## THE DATA
⁂
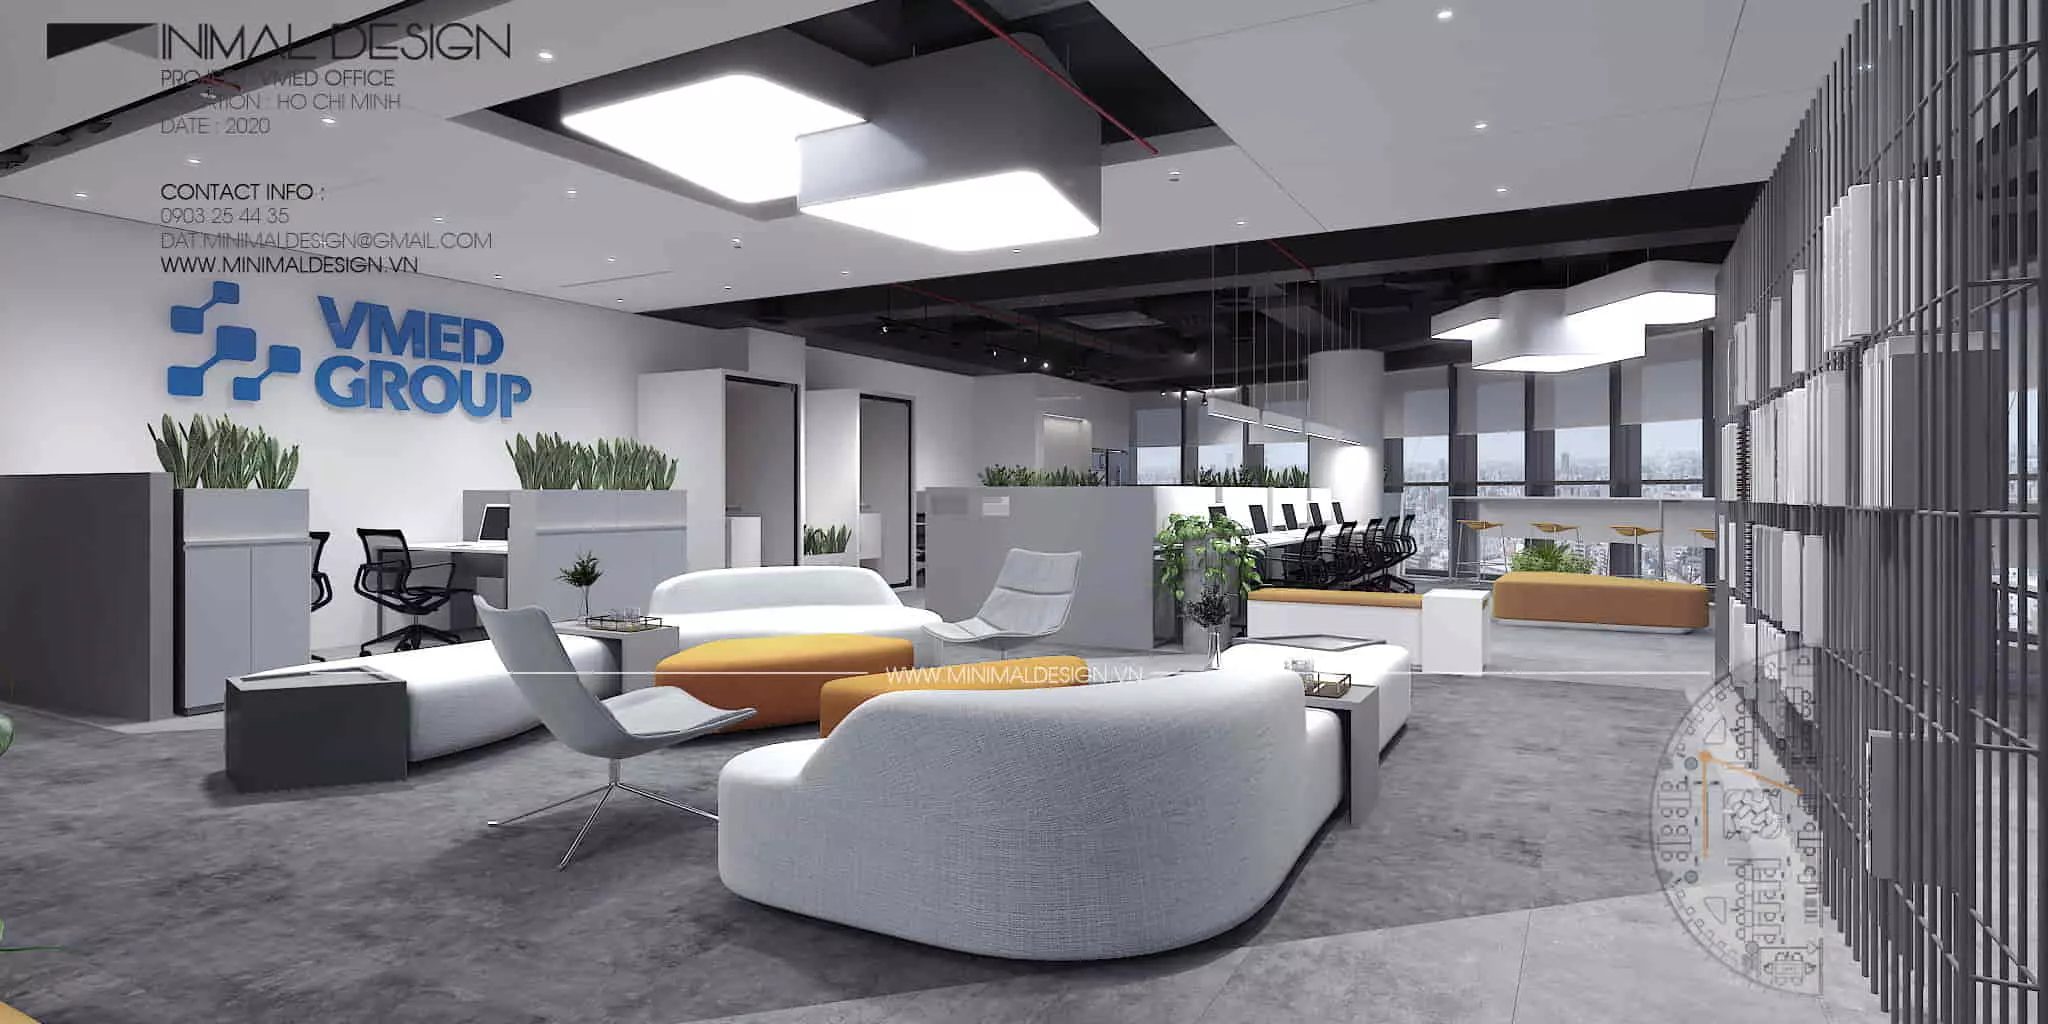 Thiết kế nội thất văn phòng tối giản mang đến một không gian làm việc kiểu mới giúp cân bằng giữa thư giãn và tiện ích, công năng của văn phòng.
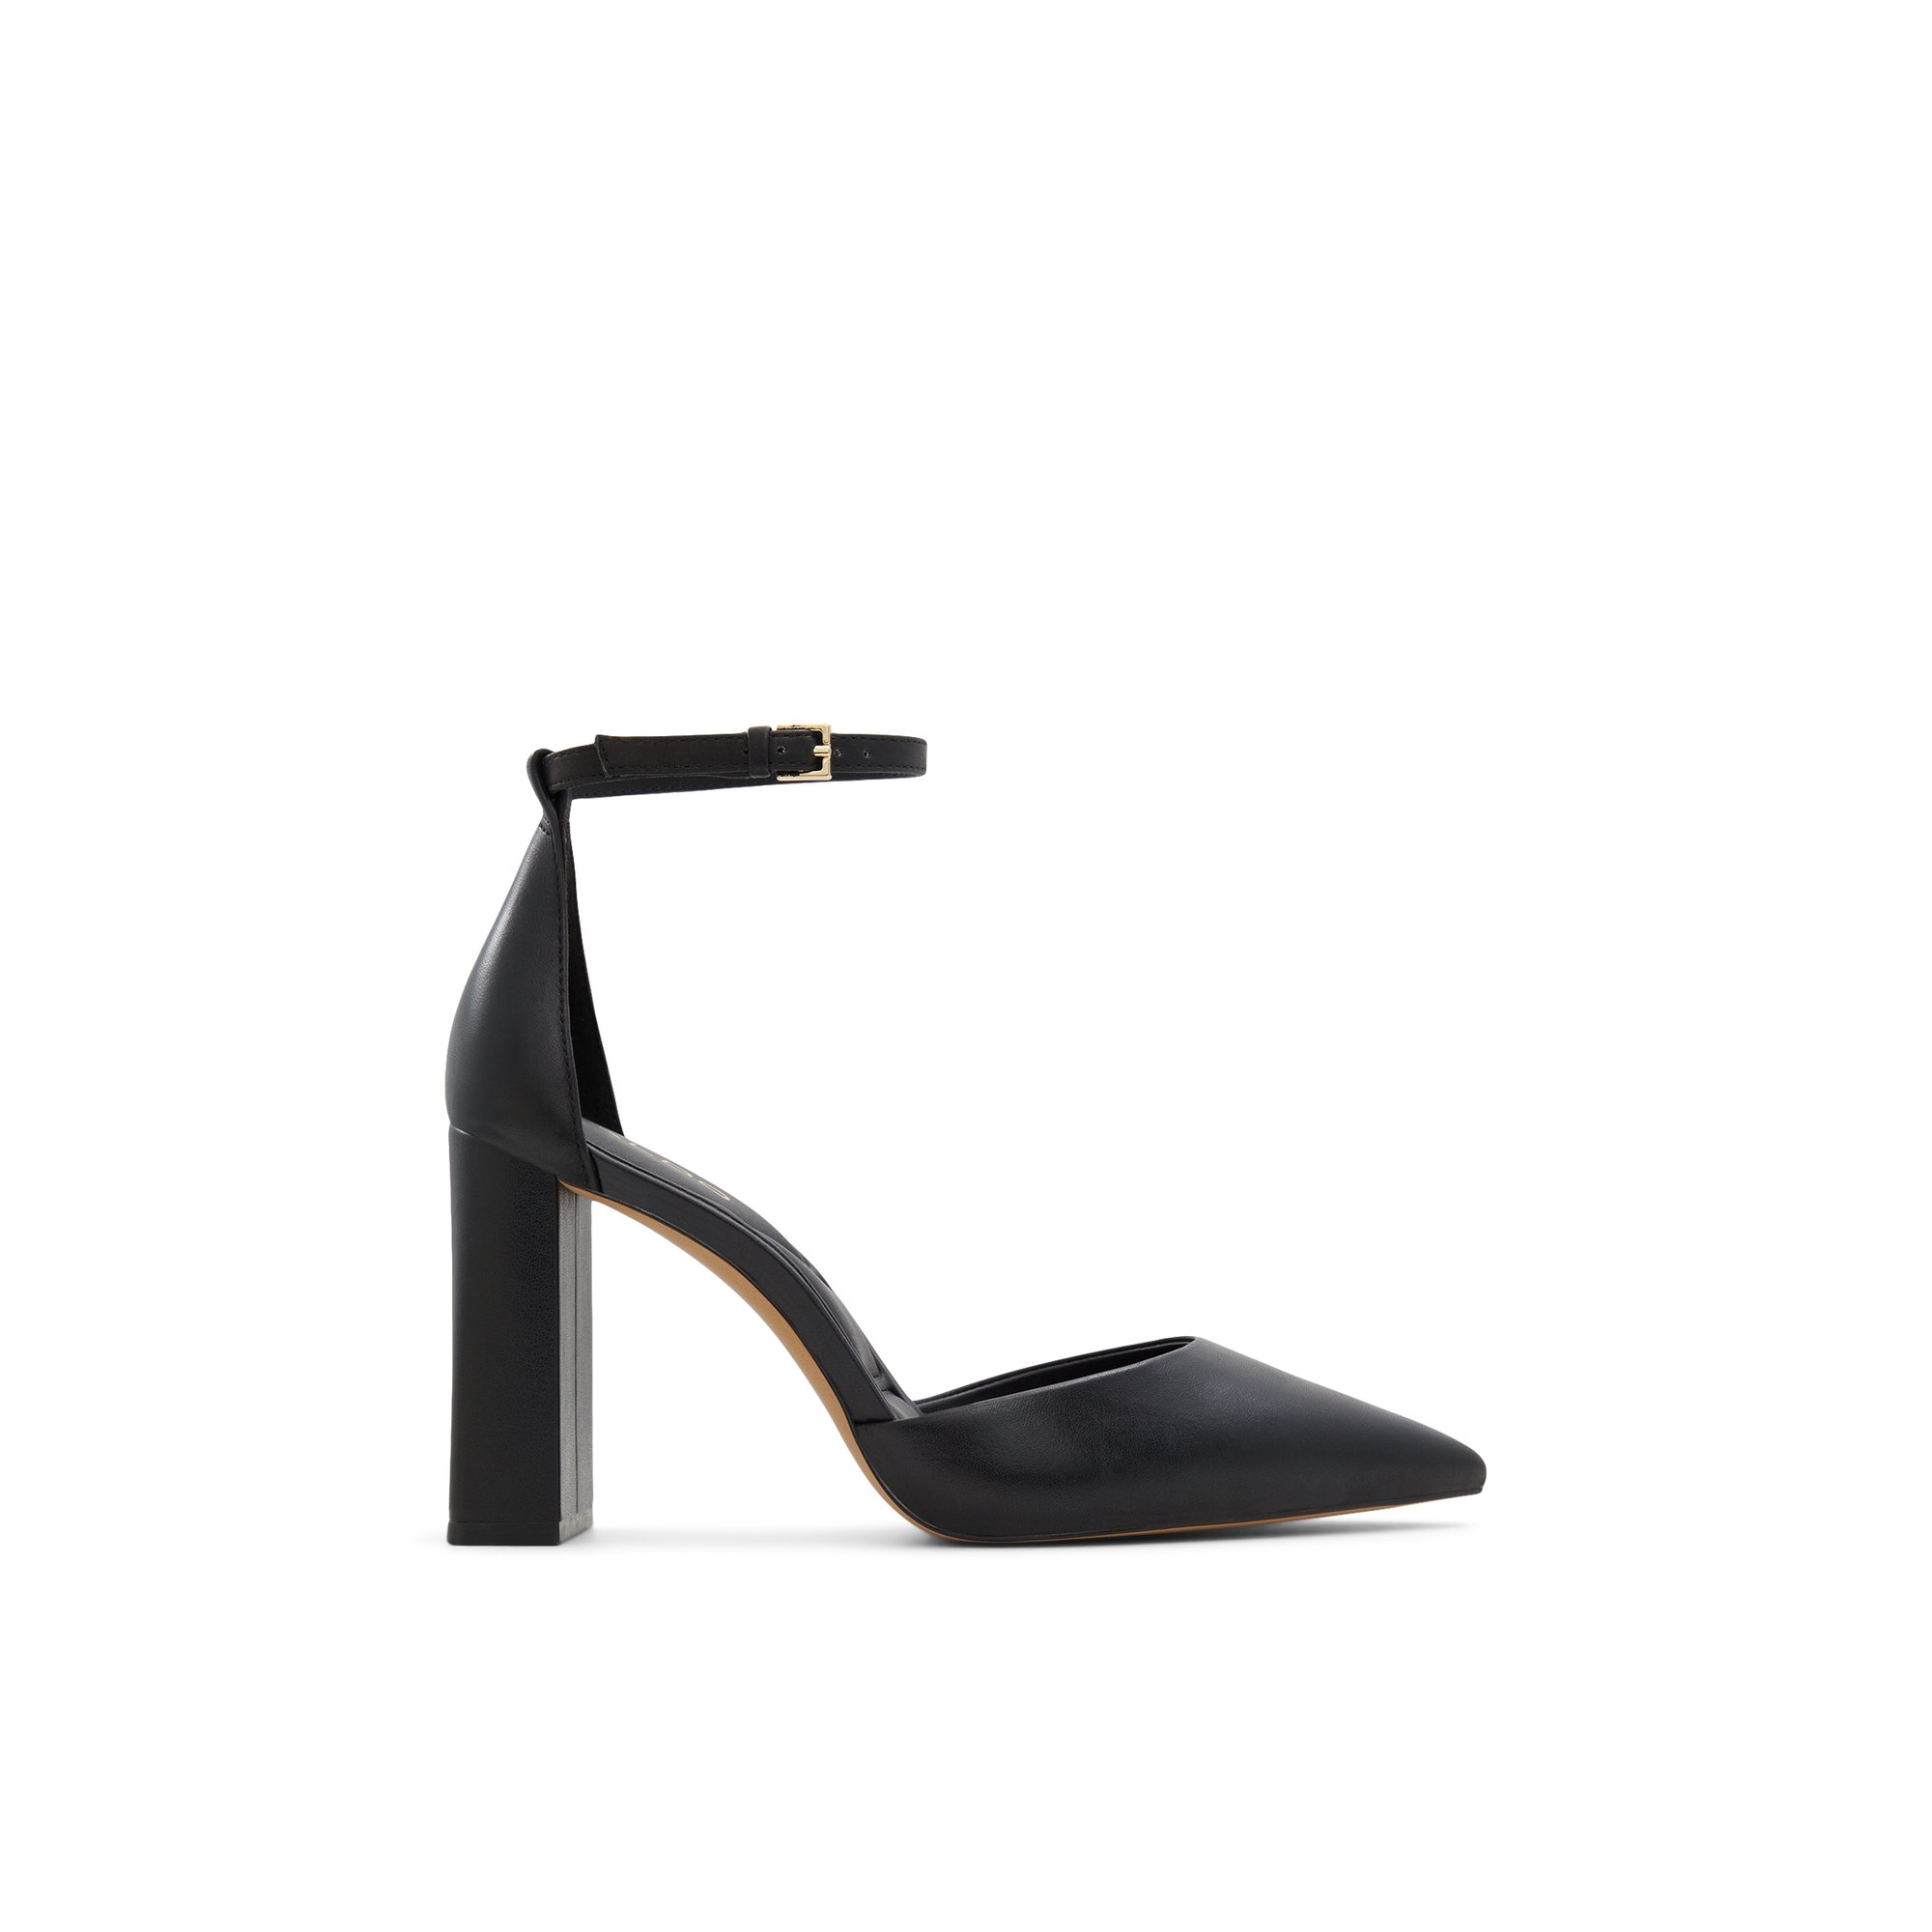 ALDO Millgate - Women's Heels Strappy - Black
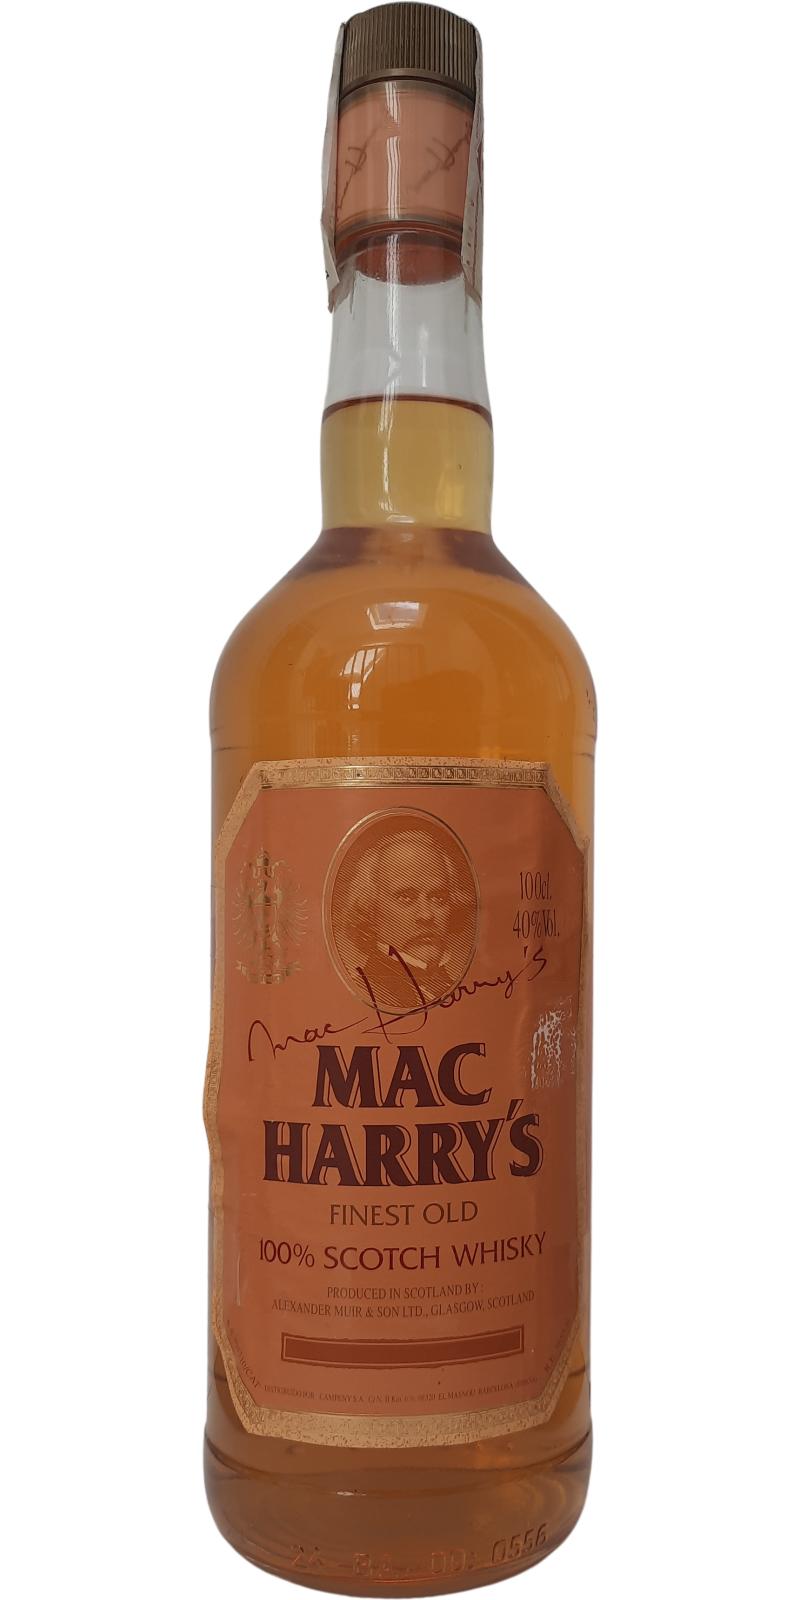 Mac Harry's Finest Old 100% Scotch Whisky 40% 1000ml
⁂
## WHAT IS REQUIRED
Word for word, restate the whole listing and drop the images.

## SOLUTION TO THE EXERCISE
 Thiết kế nội thất văn phòng tối giản mang đến một không gian làm việc kiểu mới giúp cân bằng giữa thư giãn và tiện ích, công năng của văn phòng.
 ALDO Millgate - Women's Heels Strappy - Black
 Mac Harry's Finest Old 100% Scotch Whisky 40% 1000ml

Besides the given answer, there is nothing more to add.